The standard adult dose of NITROGLYCERIN IN DEXTROSE 5% is: Intravenous infusion: Initial 5 mcg/min, titrate by 5 mcg/min every 3-5 minutes to hemodynamic effect; usual maintenance 10-200 mcg/min. Sublingual: 0.3-0.6 mg every 5 minutes up to 3 doses. Topical: 1-2 inches every 8 hours.. The standard adult dose of ISMO is: 20 mg orally twice daily, 7 hours apart (e.g., 8 AM and 3 PM) to minimize nitrate tolerance.. Dosing should always be individualized based on indication, renal and hepatic function, age, and other patient factors.
No direct drug-drug interaction has been formally documented between NITROGLYCERIN IN DEXTROSE 5% and ISMO in current clinical databases. However, individual patient risk factors including other medications, organ function, and comorbidities should always be evaluated by a qualified healthcare provider.

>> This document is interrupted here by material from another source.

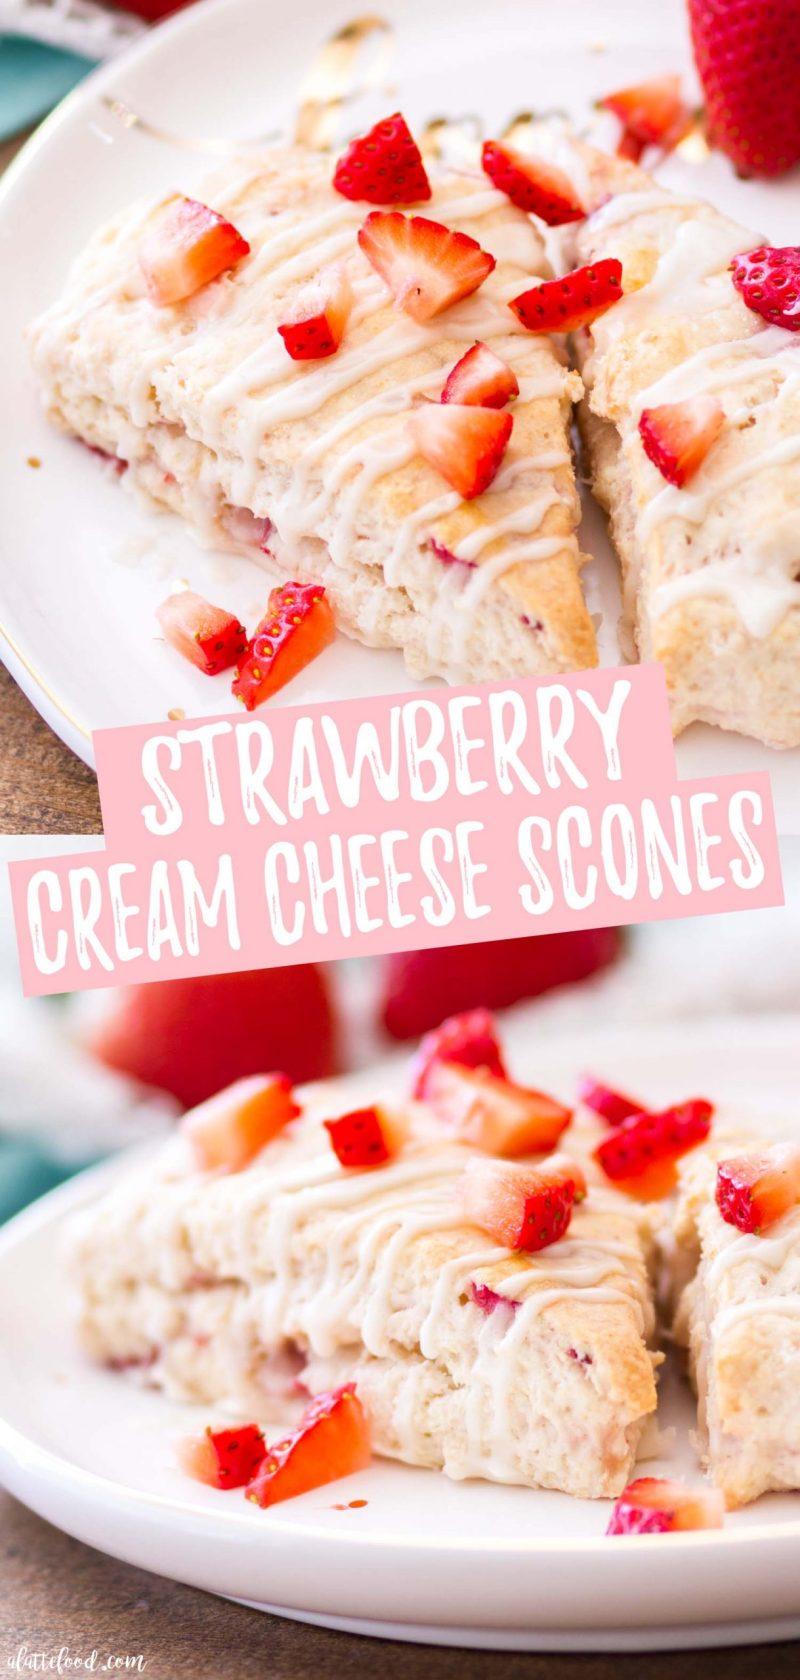 easy strawberry cream cheese scones collage

The maternal-fetal safety profiles differ. NITROGLYCERIN IN DEXTROSE 5% is classified as Category C. Nitroglycerin is generally considered to have low teratogenic potential. In the first trimester, there is no evidence of increased risk of major congenital malformations from human. ISMO is classified as Category C. ISMO (isosorbide mononitrate) is categorized as FDA Pregnancy Category C. In animal studies, reduced fetal survival and growth retardation were observed at high doses. No adequate . Always consult a maternal-fetal medicine specialist before taking either drug during pregnancy or lactation.